=== WORK ORDER ===
From the line containing "iPhone「Siri」の使い方|操作方法と便利な質問・面白い質問まとめ" to the final line of the material below, return every line exactly. Do not include pictures.
(PROVIDED DATA begins)
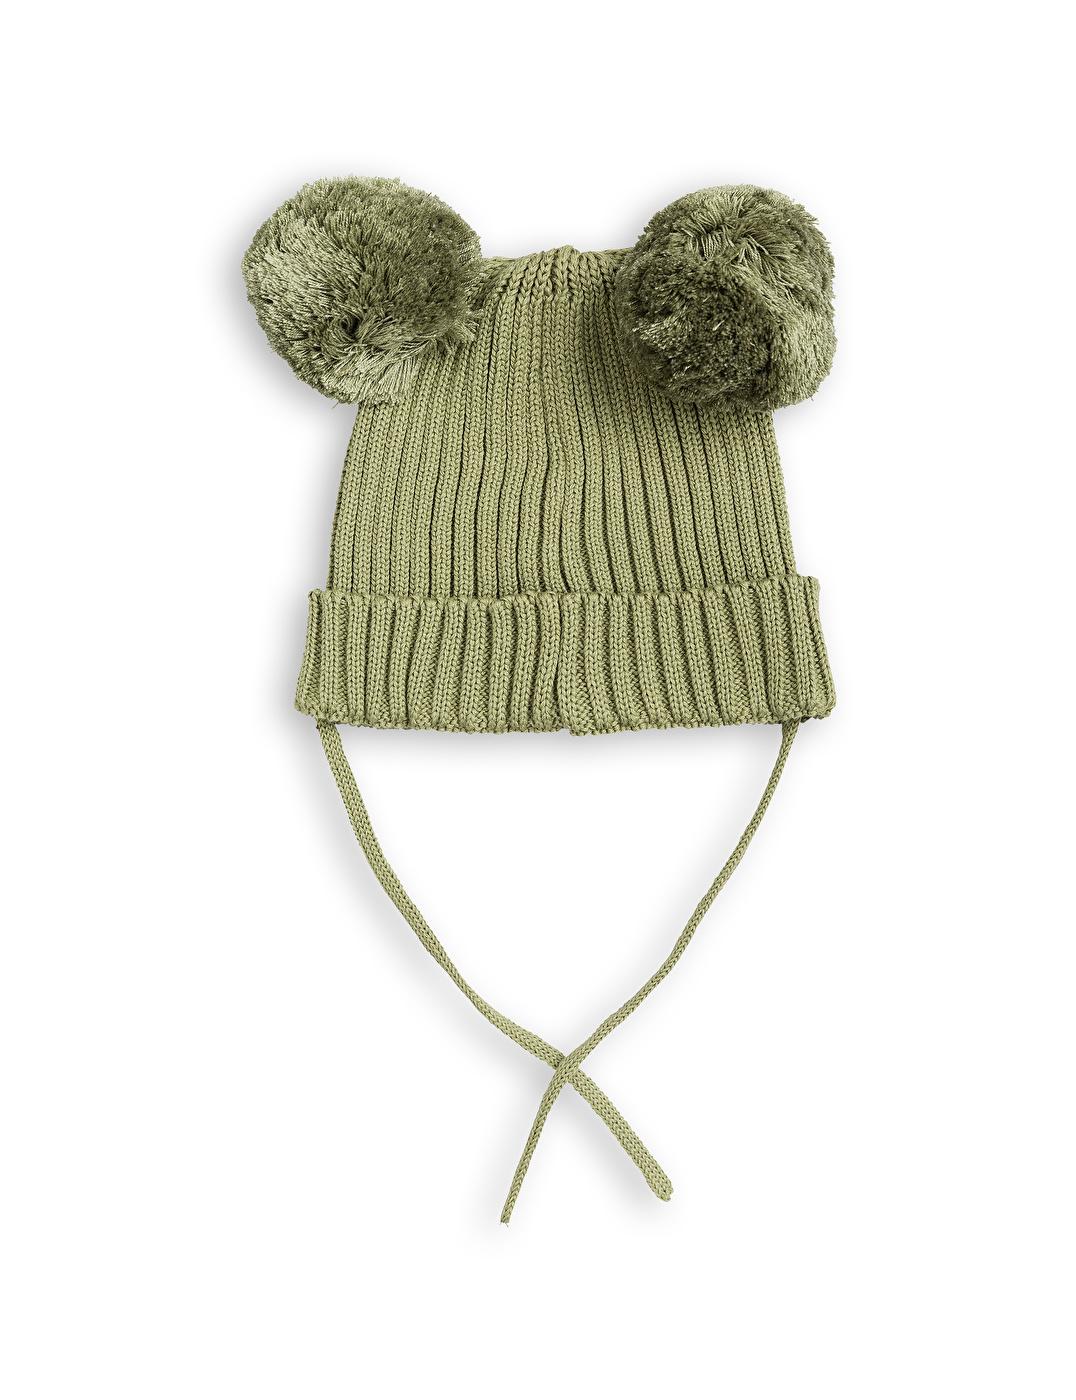 1776513275-2-mini-rodini-ear-hat-green
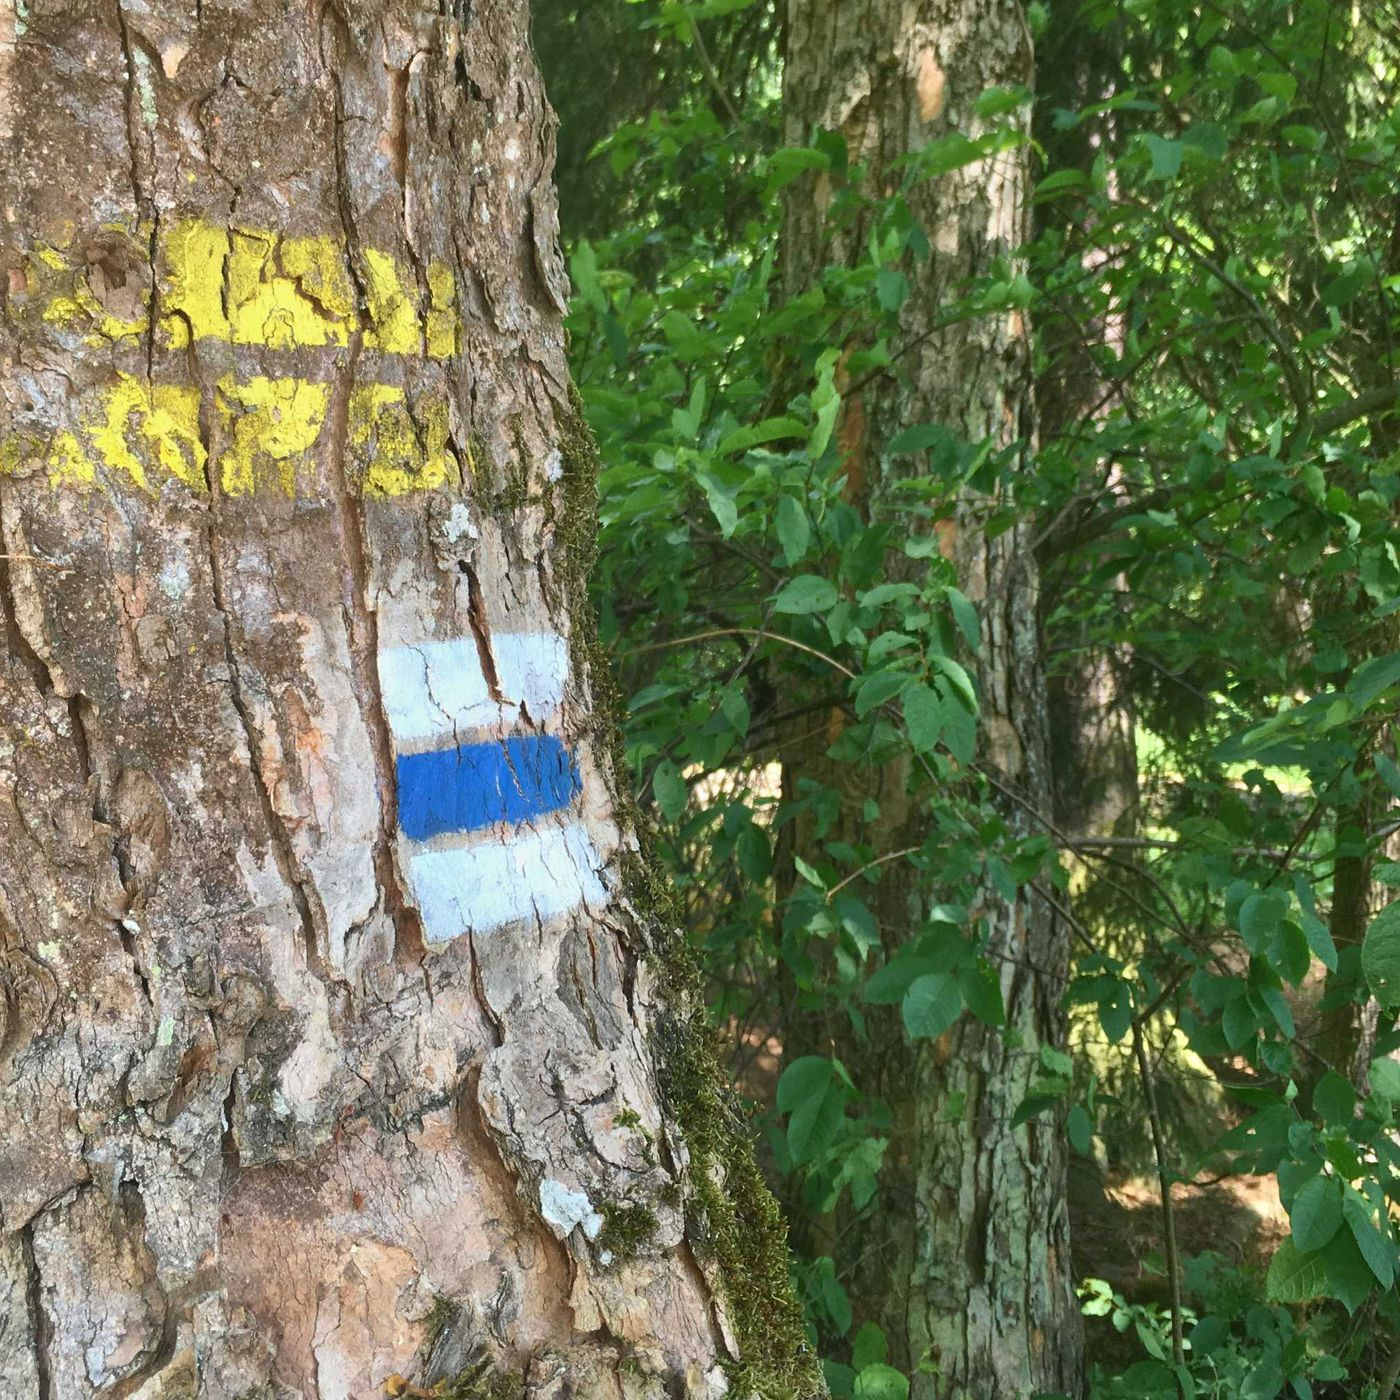 Na zámku ve Žďáře nad Sázavou se dozvíte, čím včely bzučí. Připravte si všechny své smysly
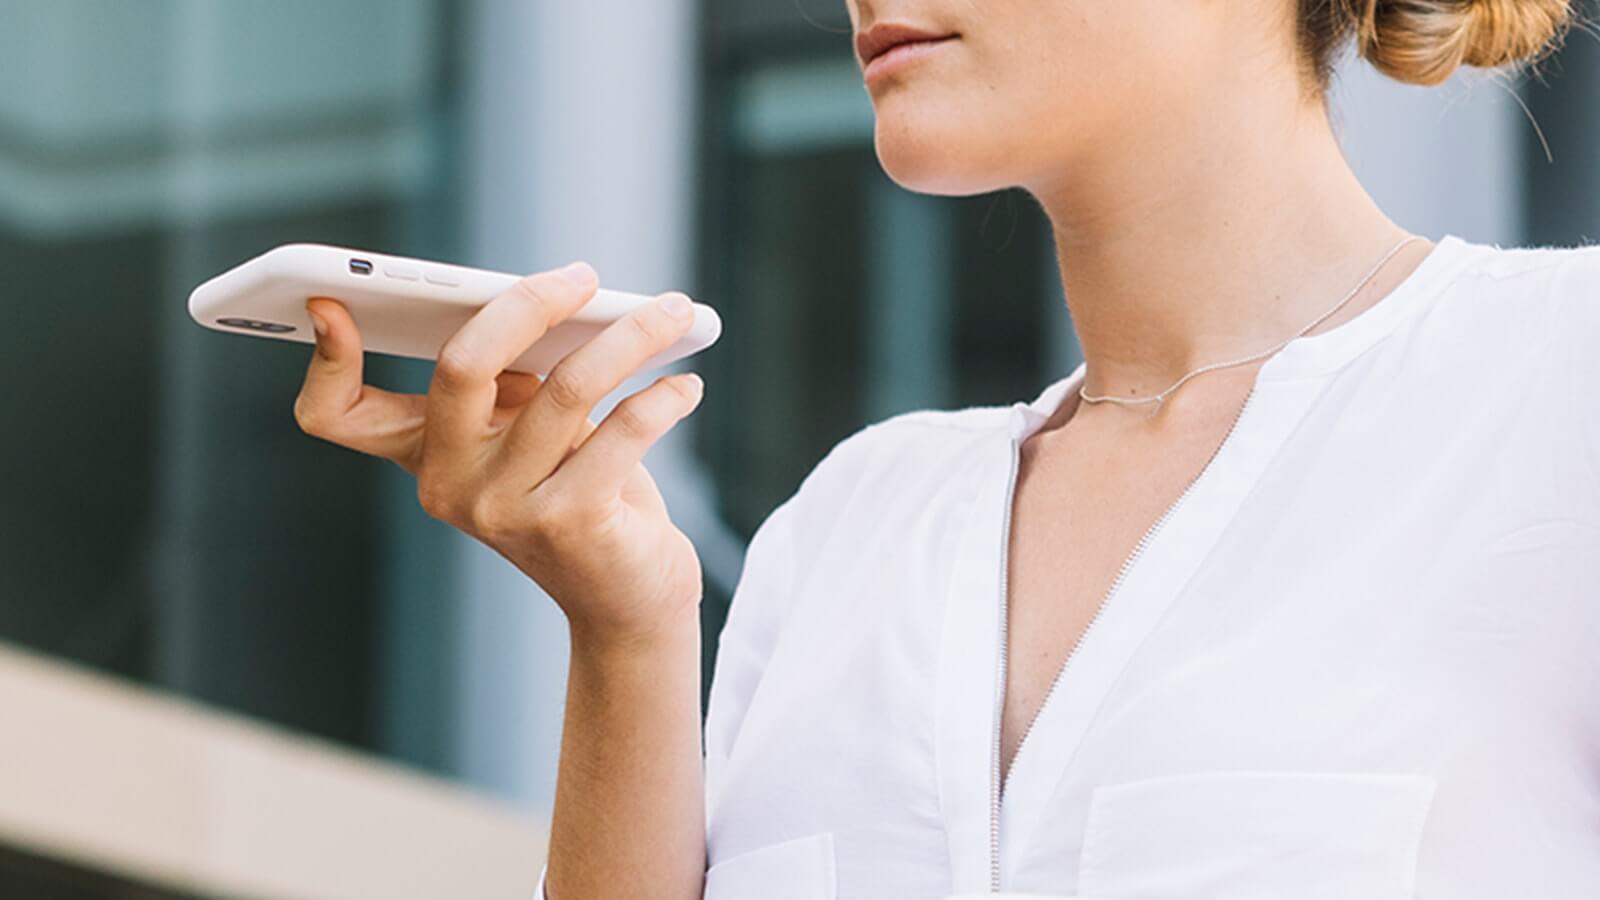 iPhone「Siri」の使い方|操作方法と便利な質問・面白い質問まとめ
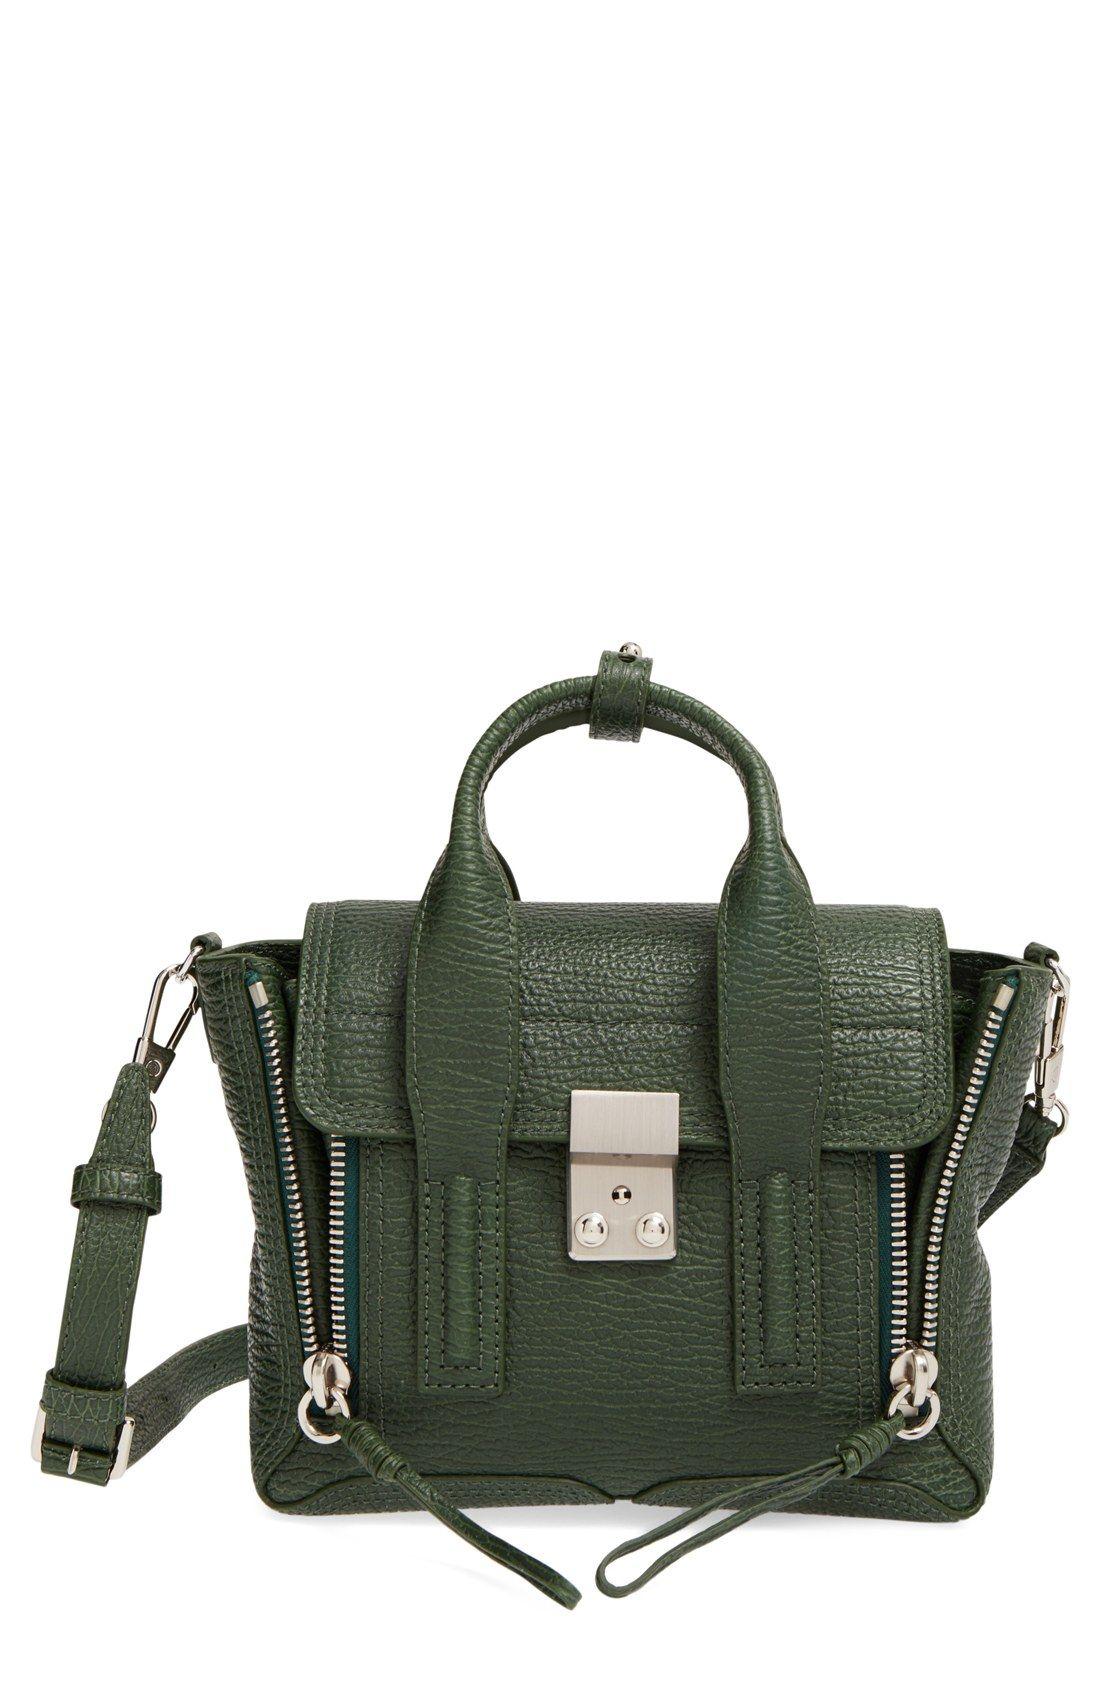 d52a52130bd68 3.1 Phillip Lim  Mini Pashli  Leather Satchel
(PROVIDED DATA ends)
=== RESPONSE TO THE EXERCISE ===
 iPhone「Siri」の使い方|操作方法と便利な質問・面白い質問まとめ
 d52a52130bd68 3.1 Phillip Lim  Mini Pashli  Leather Satchel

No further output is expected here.